FRANCE - The compensation system of the French pension system, which involve capital transfers between pension schemes to reduce financial imbalances, are difficult to understand, complex and, need to be reformed, a report has found.
According to the Conseil d'Orientation des Retraites (COR) - which monitors the French retirement system and puts forward recommendations for public policy - the current compensation measures have led to inequalities between French pension schemes and should then be reorganised as the funds are not left on even footing.
The compensation system, which was established in 1974, aims to correct the financial imbalances of some pension schemes with a regular transfer of capital between the schemes showing strong financial results and those for which the perfomance is decreasing due to social-economic changes.
According to the report, the compensation effort, which represented €8.1bn in 2009, is supported by only a handful of schemes - with the national fund for retirement provisions (CNAV) contributing 60%, the pension fund for local government officials 19% and the pension fund for civil servants a further 13%.
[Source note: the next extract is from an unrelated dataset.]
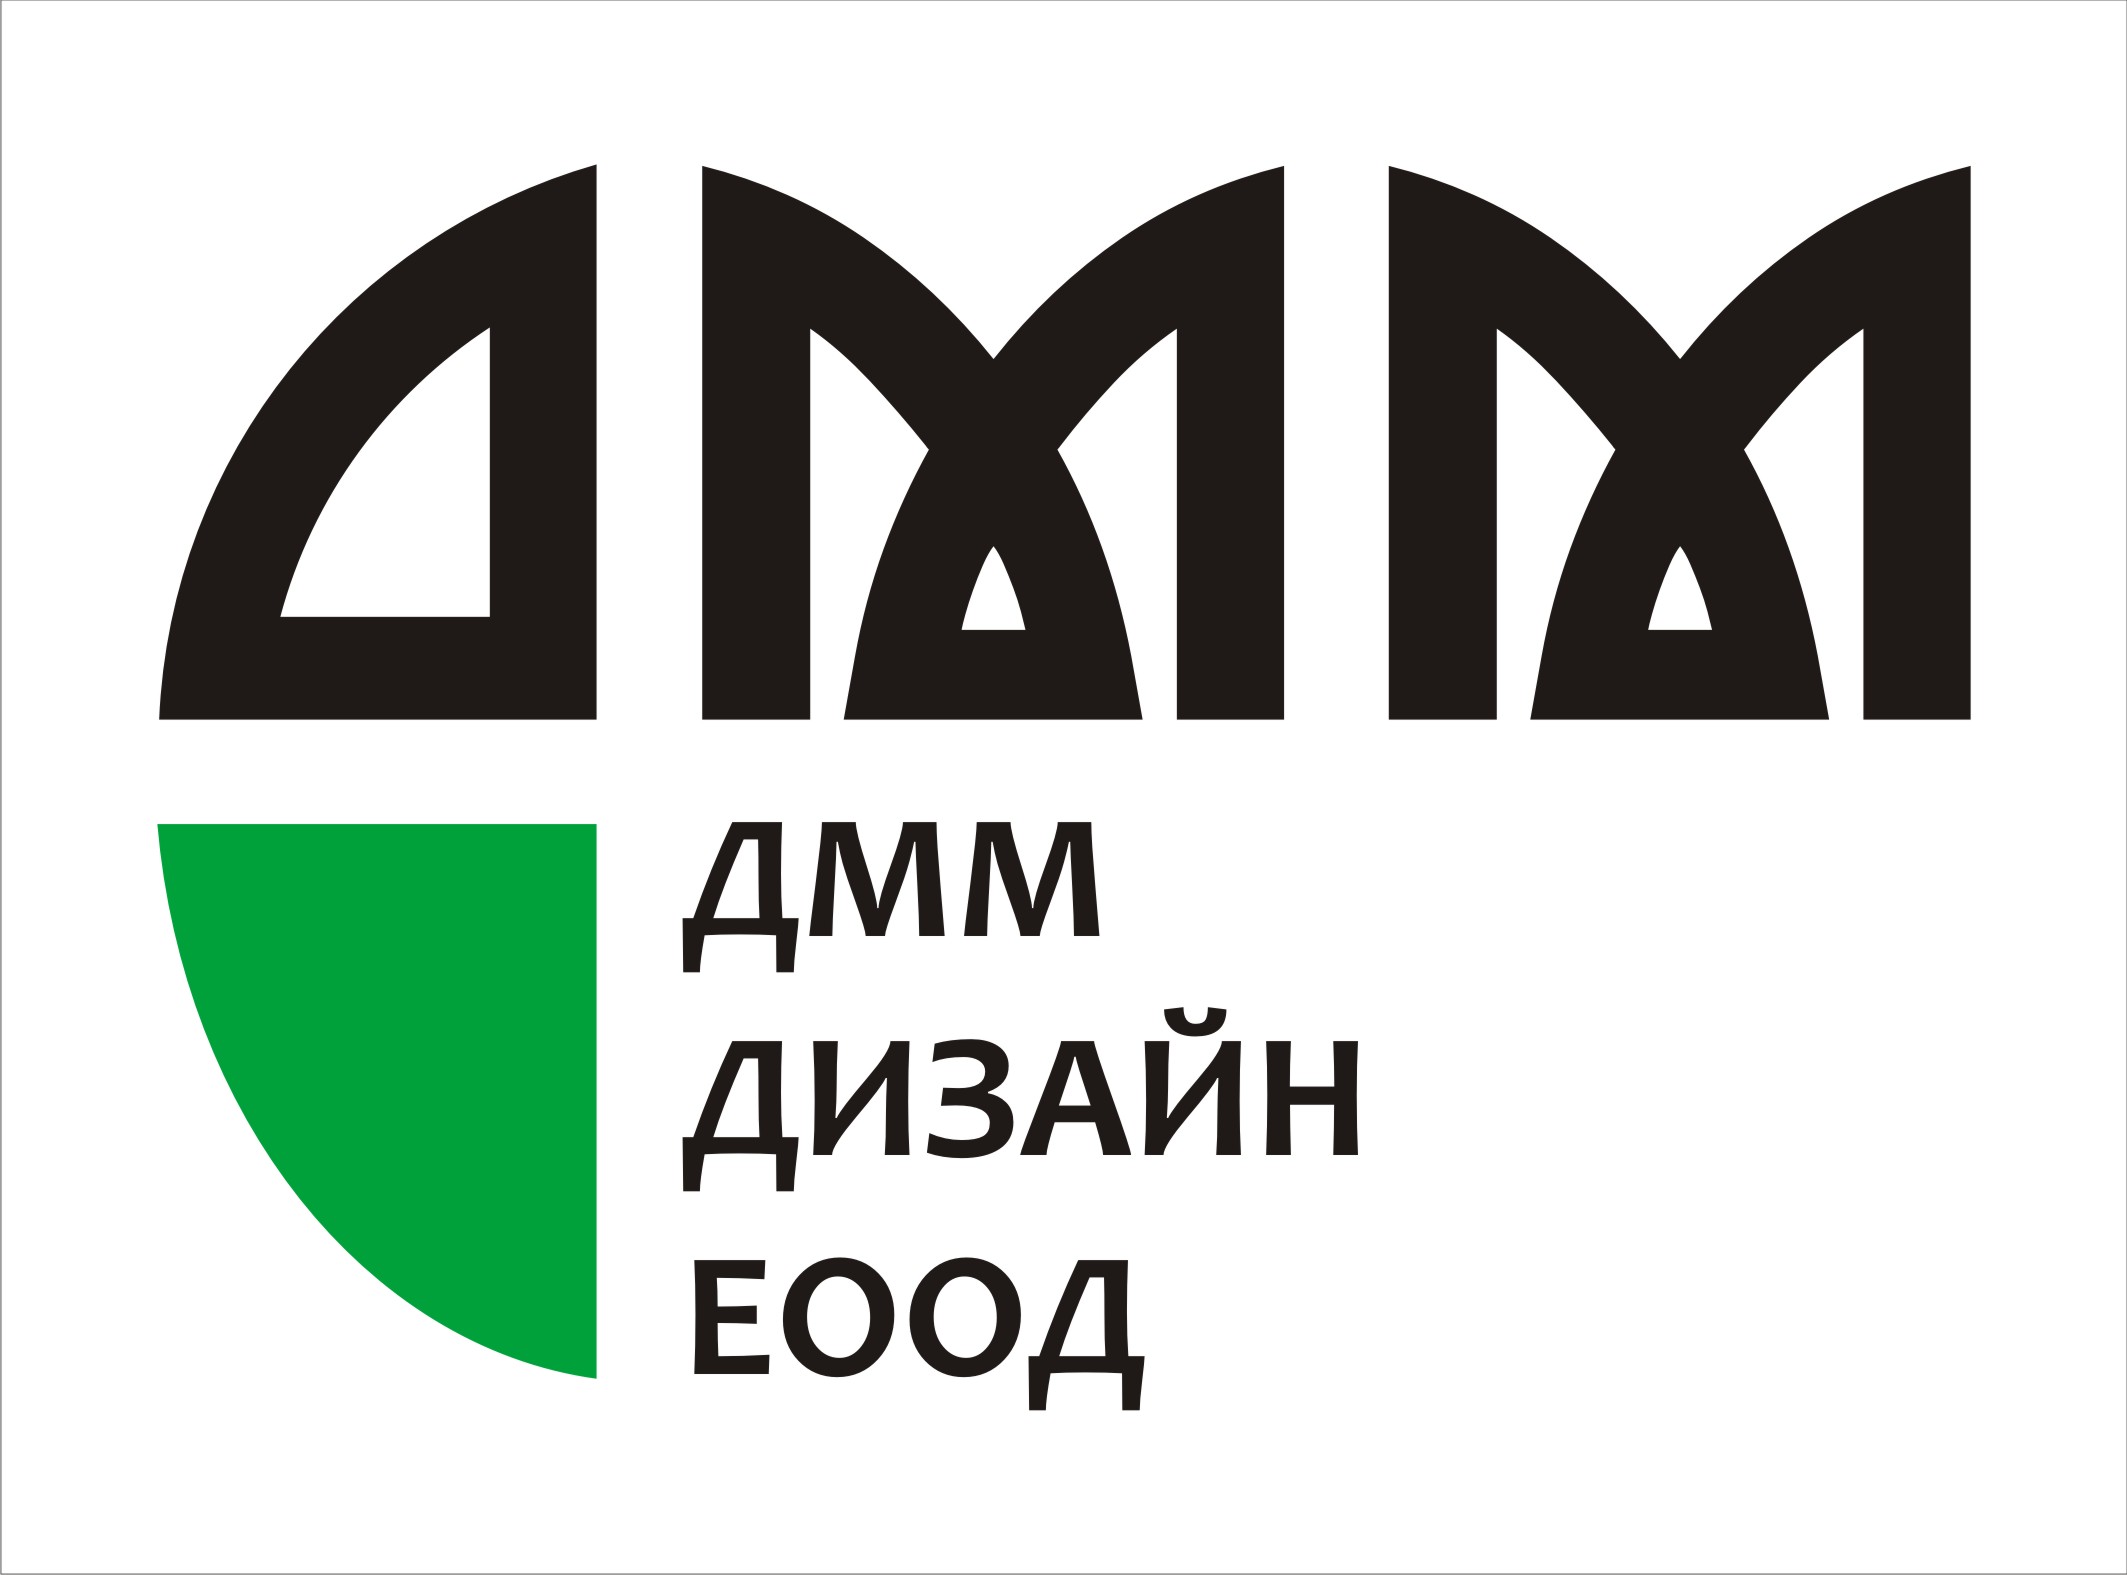 Лого на ДММ - ДИЗАЙН EООД

On the other side, some pension schemes' funding level largely depends on the transfer made. Therefore, the funds for farmers currently receives 80% of the total transfer volume.
One of the alternatives of the compensation system could therefore be the use of reserves.
However, the report conceded that schemes supporting the compensation effort have failed to implement sufficient reserves over the years.
The COR said: "While the compensation refers to an immediate management of the financial imbalances recorded with transfers made at a given date, the reserve is part of a dynamic management mode.
"Due to the compensation measures established in 1974 however, French pension schemes involved in such a system have not been able to put in place enough reserves as they have been asked to transfer part of their capital to other underfunded pension funds."
In addition, the current compensation regime is itself based on two pillars with two different methods of calculation, which brings more confusion to the transfer between schemes, according to the COR.
The first pillar organises a transfer between pension schemes representing employees only, while the second one comprises a transfer calculated between the schemes representing the employees and those representing the non-employees.
Instead of abolishing the whole compensation system, the COR suggests getting rid of the two pillars as a way to simplify the regime.
"The suppression of the two pillars would help to simplify and clarify the mechanisms of the compensation system", the COR added. "The transfers would then be based on one regime only, which would help us to align the calculation methods."